Мой сомлевший вздох подобен властительному куполу церкви, прилипшему к небесам повстанческим средокрестием.
Галерея ослепительно глянцевых подручных улыбок, источающих беломраморный оскал напускной доброты.
Приземистый лес разноцветных чулок.
Учтивое наваждение часовни, шестьсот лет назад мечтавшей о вечном наркотическом одиночестве, а теперь вдруг оказавшейся в сплетении торгового центра — выцветшее моление в искусном макияже криводушного многолюдства.
Разноцветное черенение улиц с нескончаемым потоком фиакров, карет, повозок, катафалков, телег, ландо, запряженных лошадьми различной степени преуспеяния.
Вход в фешенебельный салон мистификаций через арку испрашиваемой милостыни и золоченый саркофаг для нее.
Модный поэт и модный банкир, модный жокей и модный кондитер.
Город — белый воротничок.
Мусорный ящик для стертых от усатых поцелуев душистых дамских перчаток.
Летучая пудра фаты на стародевичьем приданом. Парадный вынос банкира, отравившегося свежей земляникой, но смерть на ложе любви по-прежнему собирает больше любопытных.
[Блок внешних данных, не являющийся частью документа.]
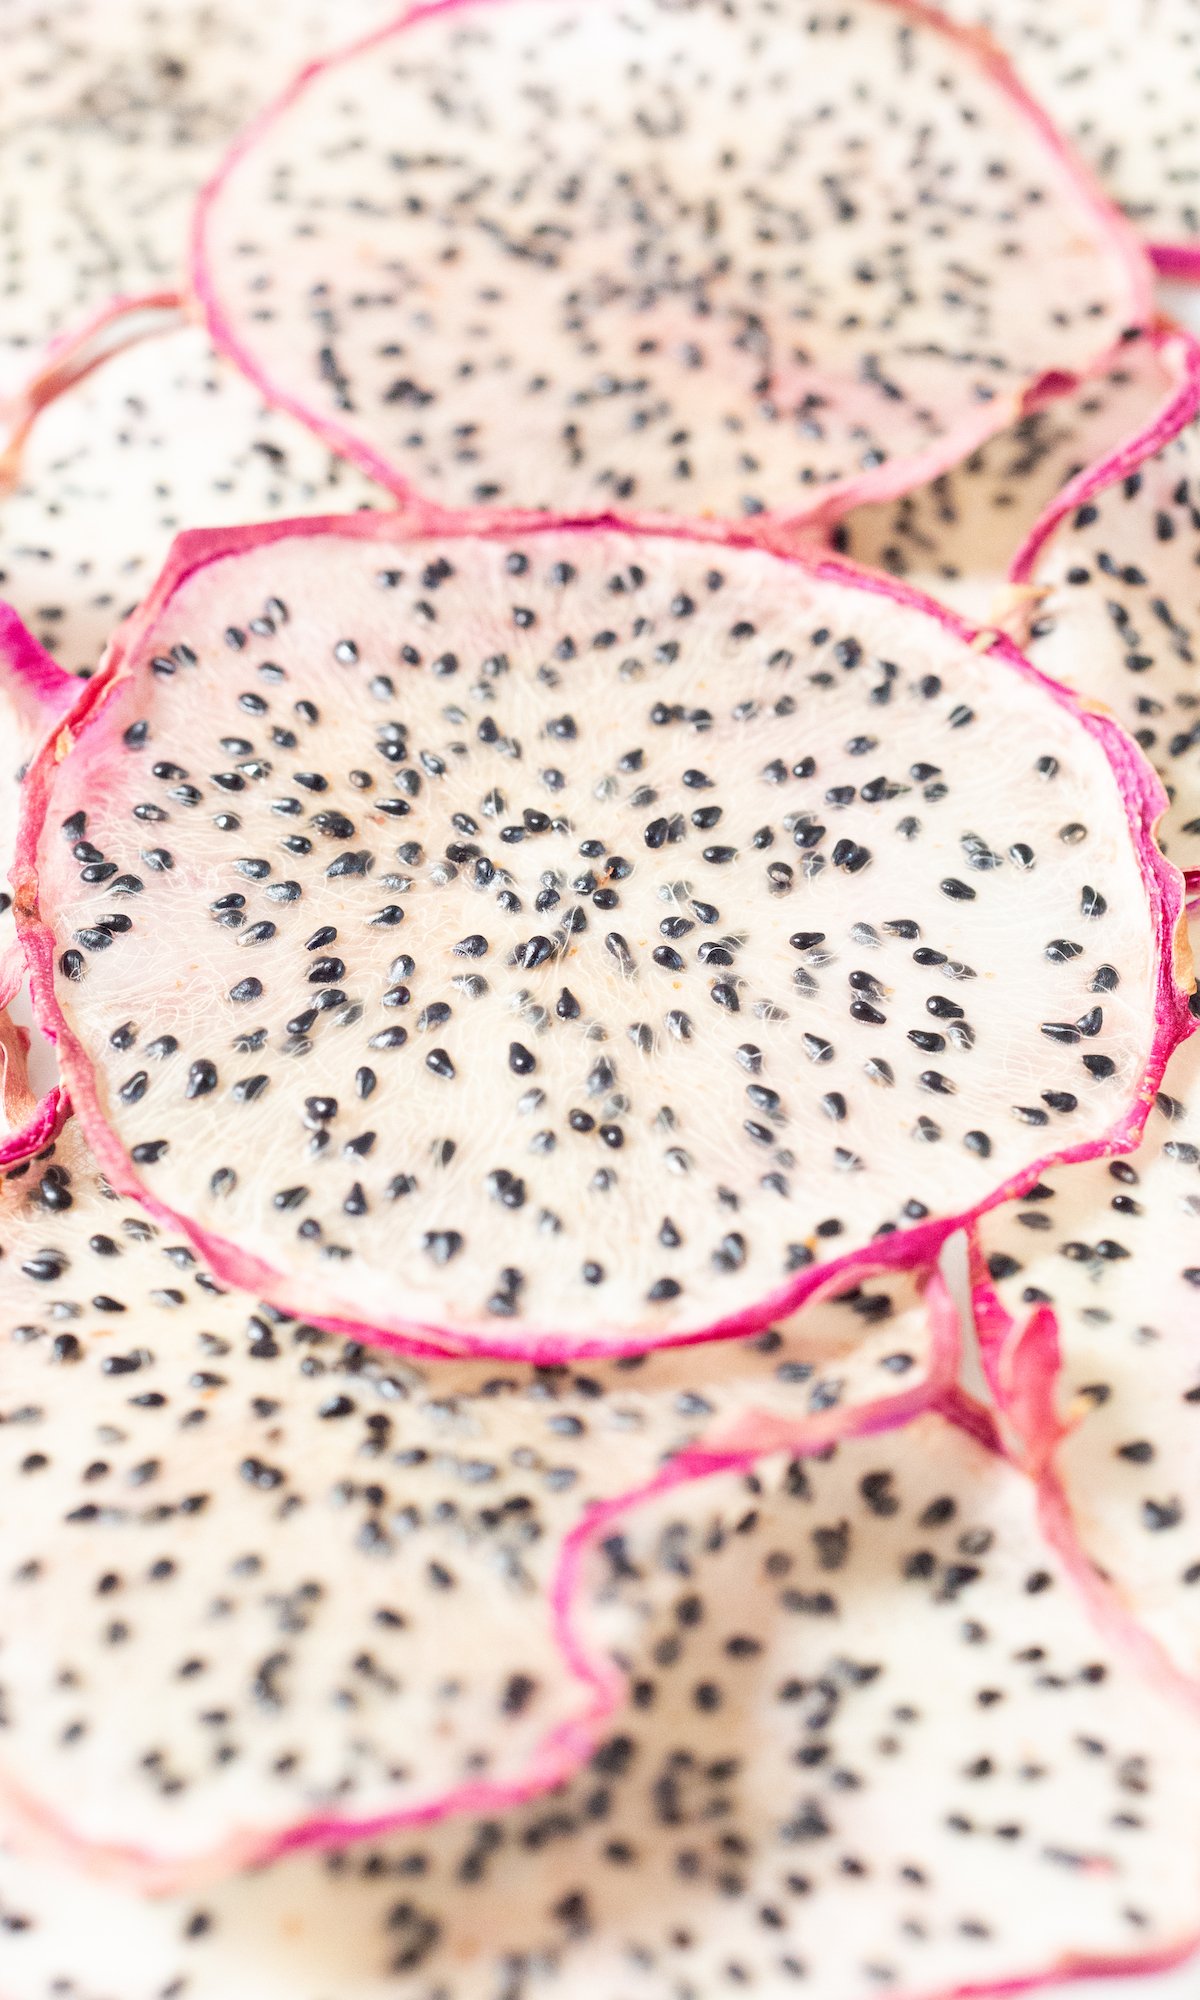 Dozens of slices of dehydrated dragon fruit on a white platter.

Продажа тела и продажа души согласно тарифу плюс безмолвная щепоть чаевых и благословляющий раздевающий взгляд.
Приют для ампутированных ветеранов неизвестной войны и беспрерывные танцы, завсегдатай маникюрного заведения, чахоточный палач и розовощекий скрипач, хотя положено наоборот.
Я протягиваю вперед руку и получаю в нее горсть горластых визитных карточек и монументальных рекламных проспектов от дамского мыла до новейших гаубиц и детских арф.
Я протягиваю вперед носок туфли, и на нее набрасываются обувные щетки уличного чистильщика или пара гигантских цепных псов с непременным десертным окриком садовника.
Я наклоняю вперед голову, и мне предлагают учебник латинского языка, лорнет на золоченой ручке, микроскоп для наблюдения за личной жизнью вирусной оспы, лицевые протезы, свежие сплетни, одно-два чуда света и какие-нибудь античные безделицы.
Я наклоняю голову назад, и под нее уже подкладывают пуховую рыхлоприятную подушку — сама белизна — и восемь часов гарантированного апломбированного сна, увенчанного, точно идолом, чашкой душистого кофе.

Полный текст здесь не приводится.